When entering the sauna room when far-infrared radiation is stopped, the far-infrared ray is not irradiated until the room temperature drops to about 80 ° C. Therefore, the far-infrared ray irradiation effect cannot be obtained, and the room temperature is appropriate for the air-heated sauna room. Since the temperature is lower than 100 ° C., a problem arises in that the haptic temperature is maintained until the radiation of far-infrared radiation starts.

This problem occurs even when the temperature of the sauna room increases during admission and the power supply to the far-infrared radiant heat heater is automatically stopped. In such a case, far infrared rays are not irradiated until the temperature of the sauna room is lowered and the energization of the far-infrared radiant heat heater becomes the lowest.

On the other hand, since the temperature of the sauna room is automatically maintained at about 70-100 ° C. in order to be able to bathe at any time even when there are no bathers, there is also a problem in that power is wasted while there are many heat radiating losses.

The present invention is to solve the above problems, using a heat transfer mechanism that has been widely used in the prior art, and has a simple configuration and efficiently radiate far infrared rays, absorbing directly into the irradiated object without heating the air as possible, economically and efficiently It is an object of the present invention to provide a far-infrared radiation heater that can be warmed and is excellent in durability.

Another object of the present invention is to provide a sauna apparatus which can obtain a sauna room more suitable than a conventional far-infrared radiation sauna device because a necessary and sufficient amount of far-infrared radiation is radiated at any time when a person bathes.
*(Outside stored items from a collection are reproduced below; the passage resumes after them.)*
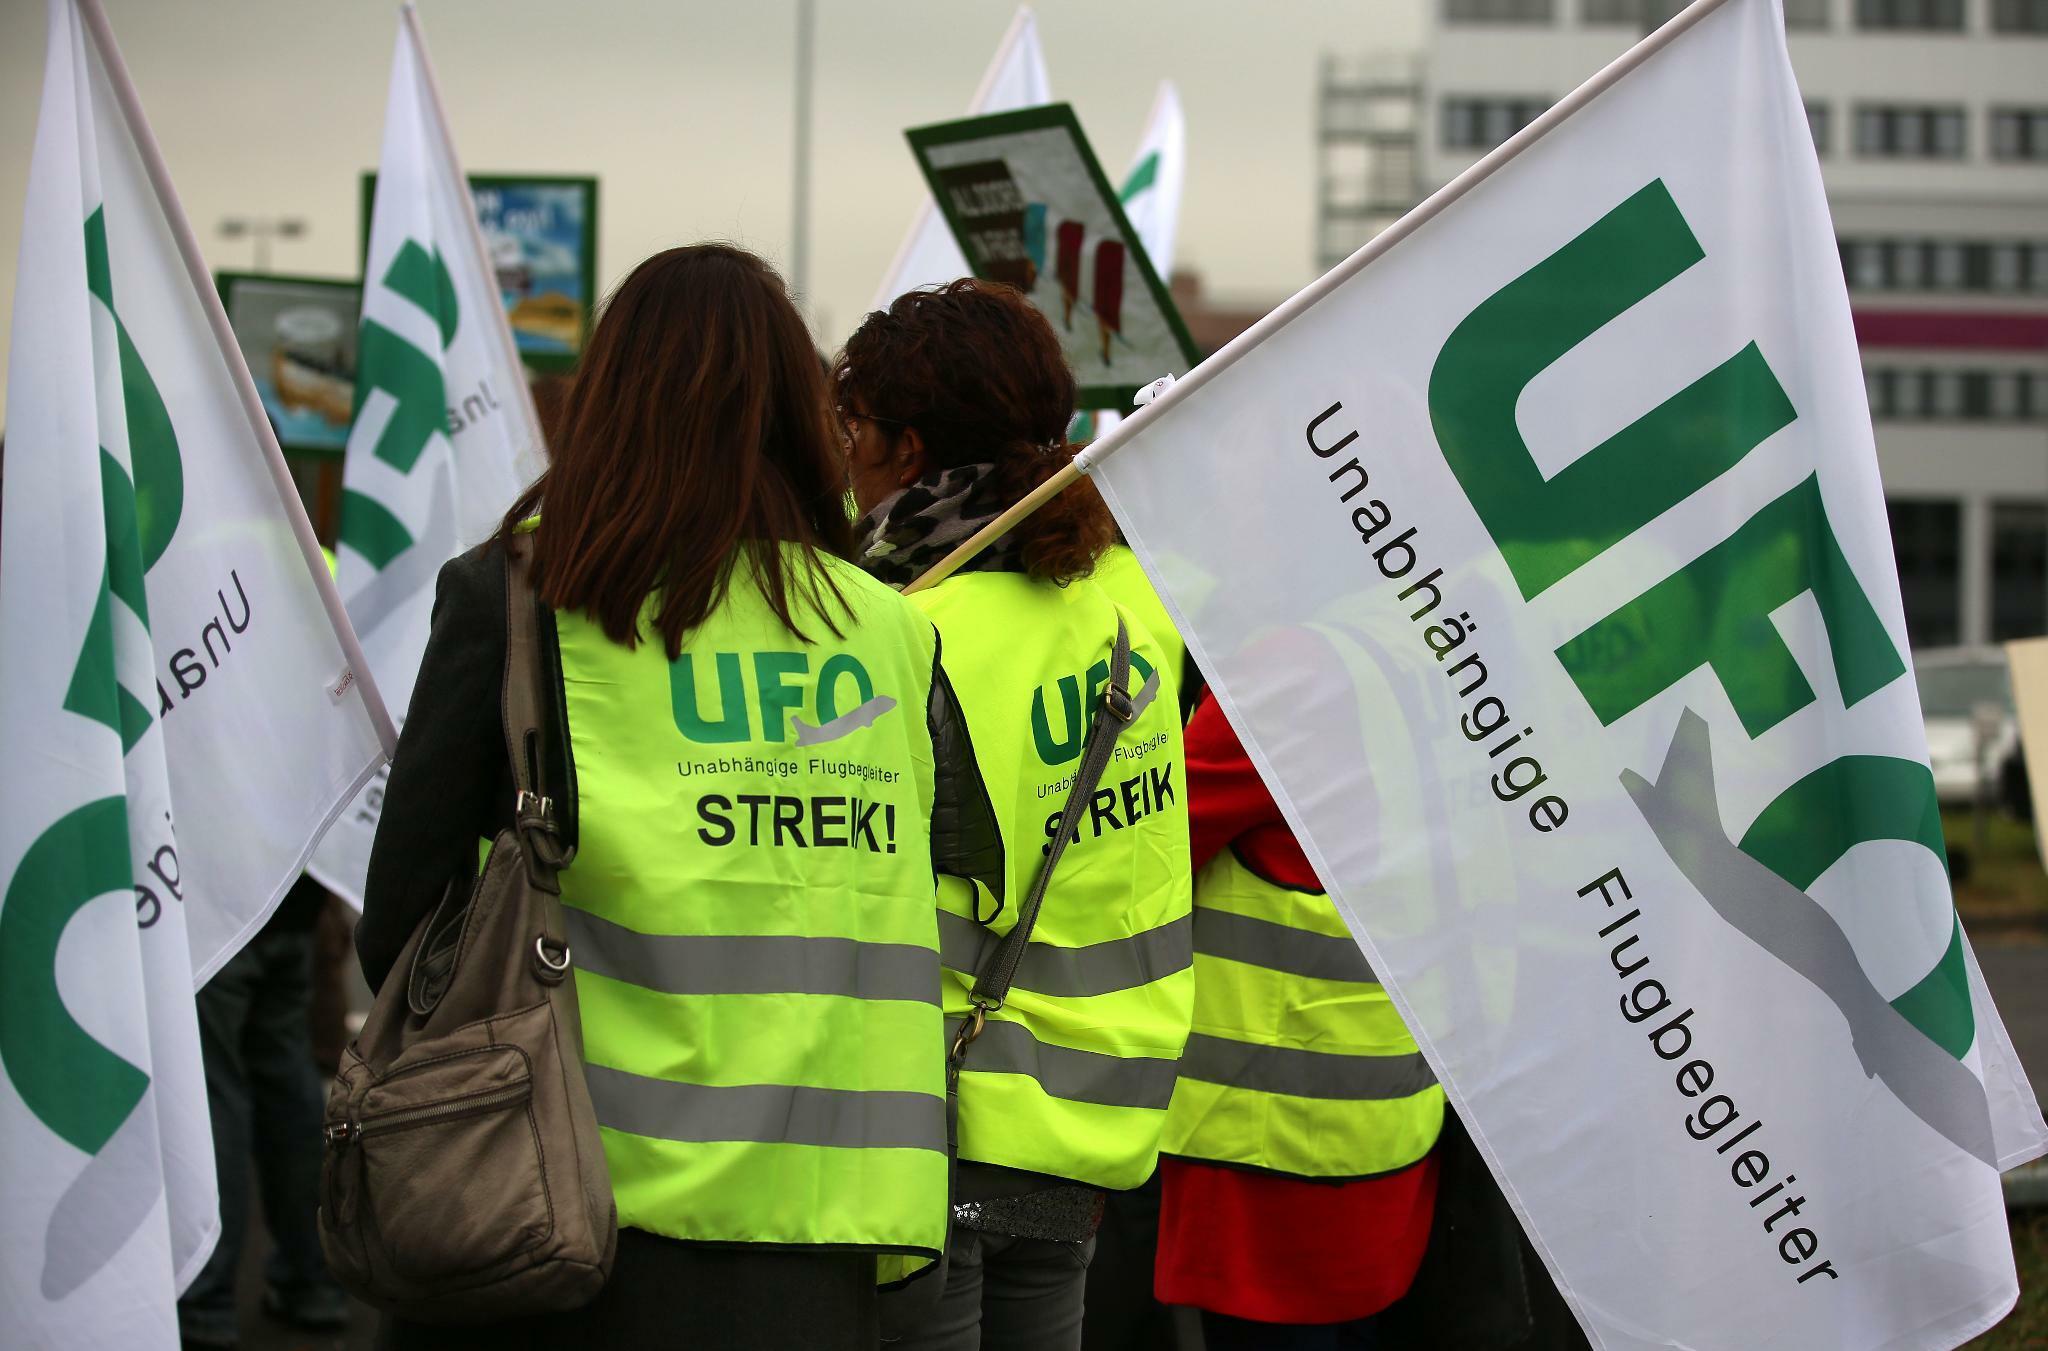 Lufthansa lässt Gewerkschaftsstatus der Ufo gerichtlich prüfen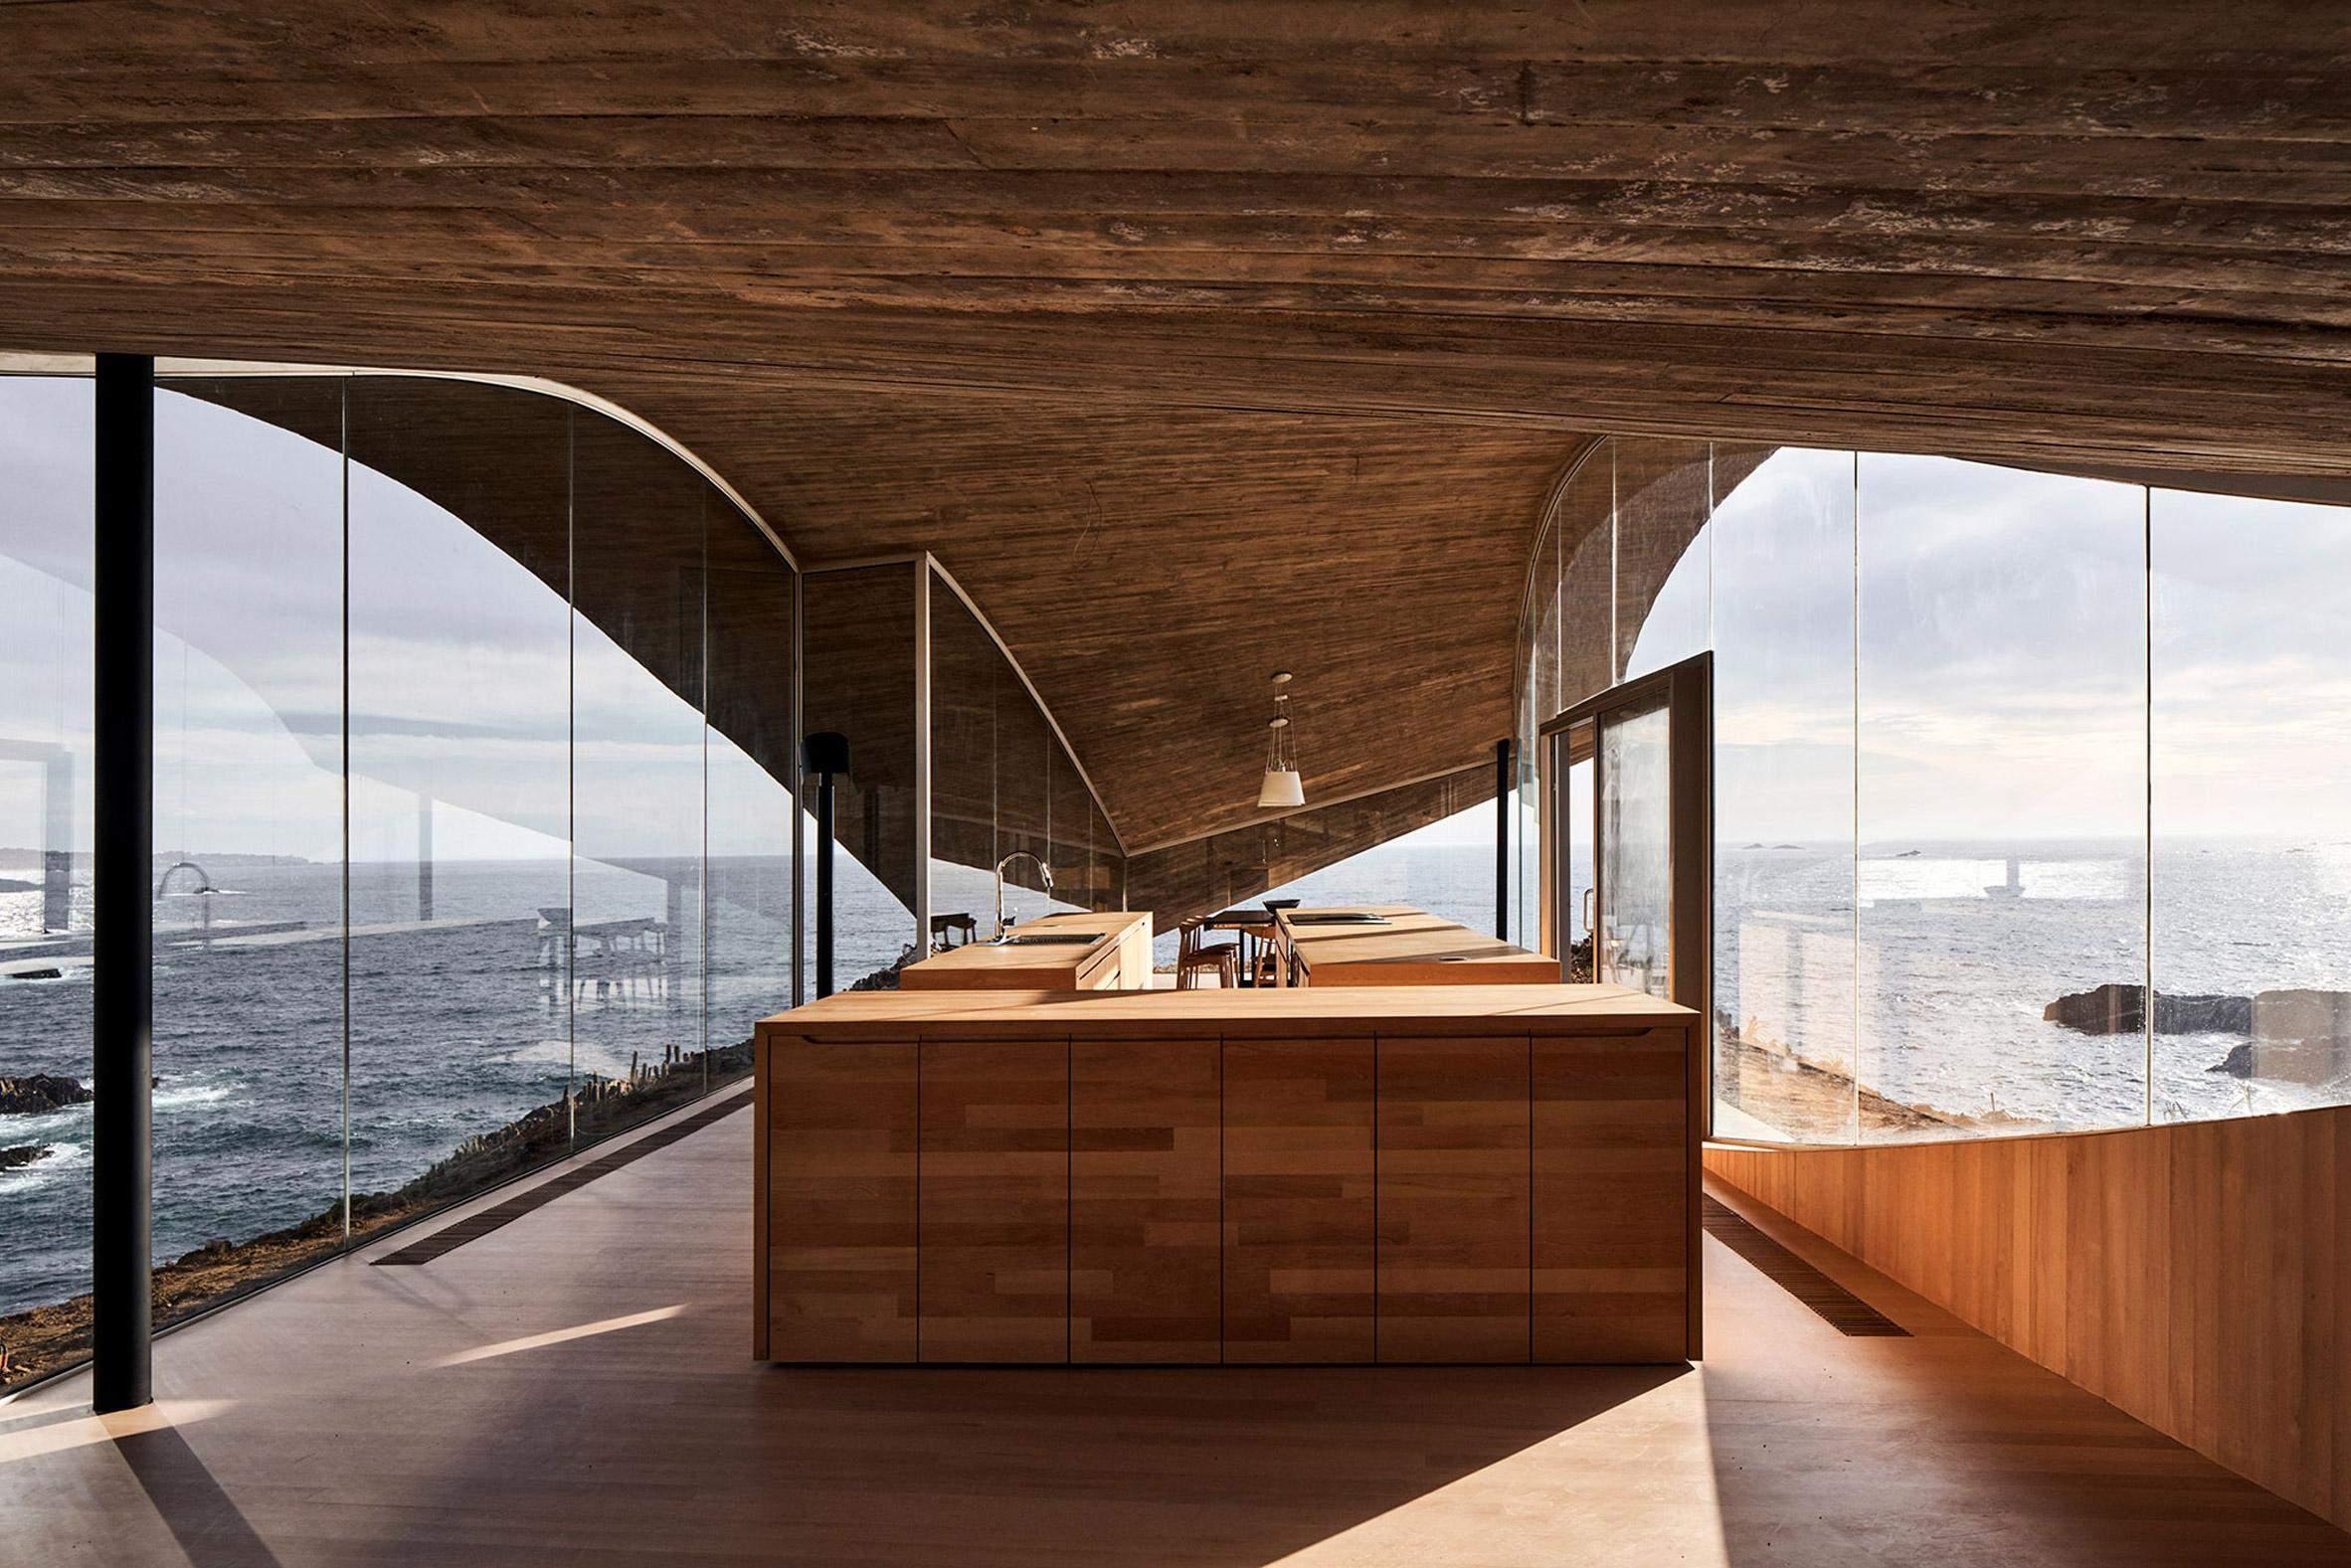 Кухня похожа на корабль в океане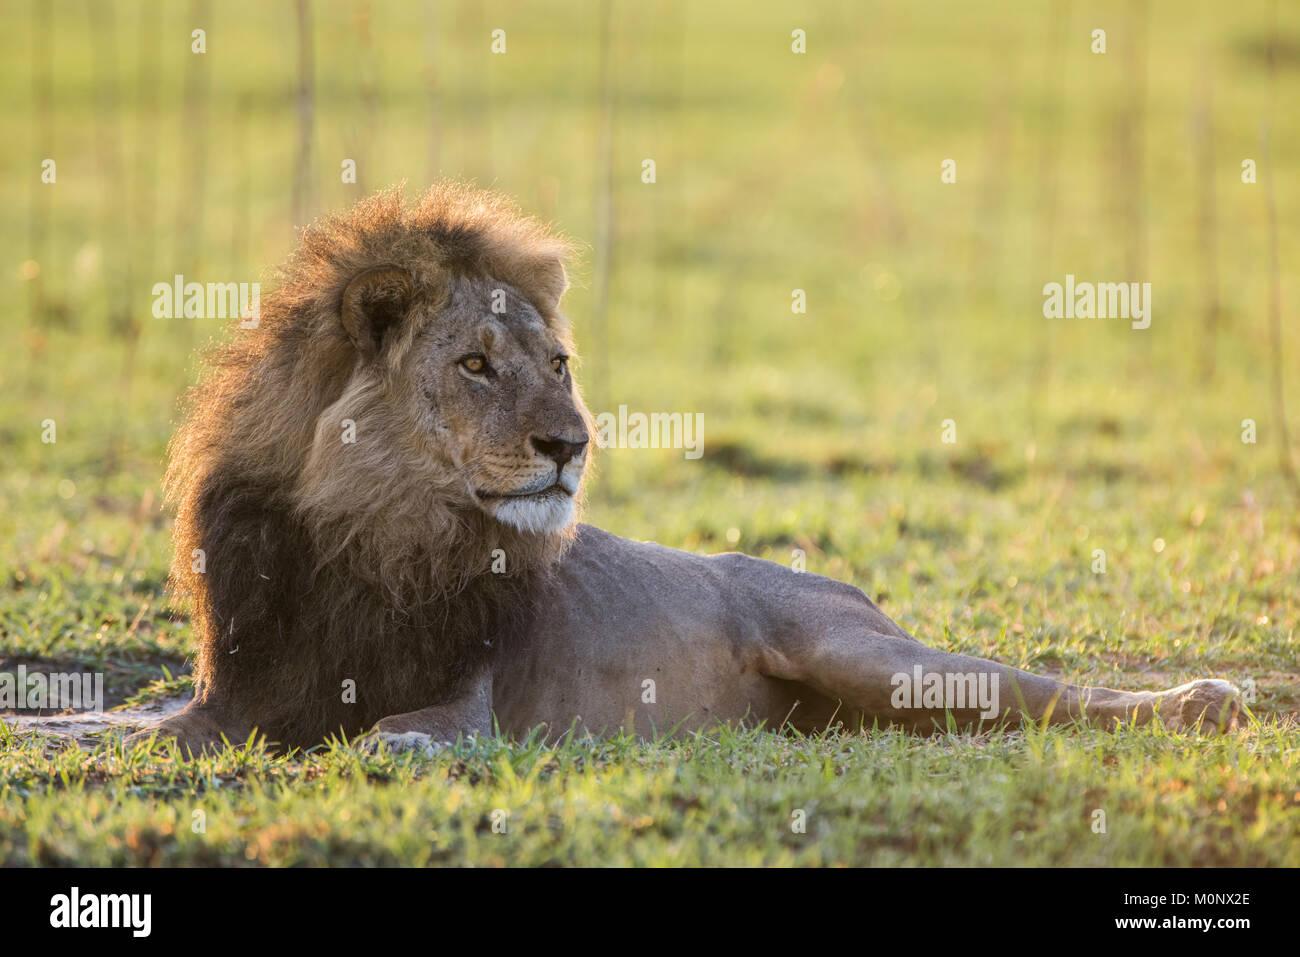 Lion (Panthera leo) looks attentively,male,Savuti,Chobe National Park,Chobe District,Botswana - Stock Image

The above-mentioned problem is that a heat absorbing film is formed on the outer surface of a thin metal tube having a large surface area because the diameter is rather large, and a heater known in the art can be used at a high temperature therein. The far-infrared radiant heat heater is configured to supply short-wavelength near infrared rays by supplying a rated current, and to heat the metal tube to an appropriate temperature by the near infrared rays to efficiently generate far-infrared rays having the required wavelength from the surface of the metal tube. Is solved by

That is, in the present invention, the surface temperature of the source of the secondary radiation is formed by absorbing the radiation energy from the heat radiator with a small heat dissipation area and having a high surface temperature once to be absorbed into the metal tube having a large heat dissipation area, and reradiating it as secondary radiation from the outer surface. By lowering the radiation energy is converted into long-wave far infrared rays.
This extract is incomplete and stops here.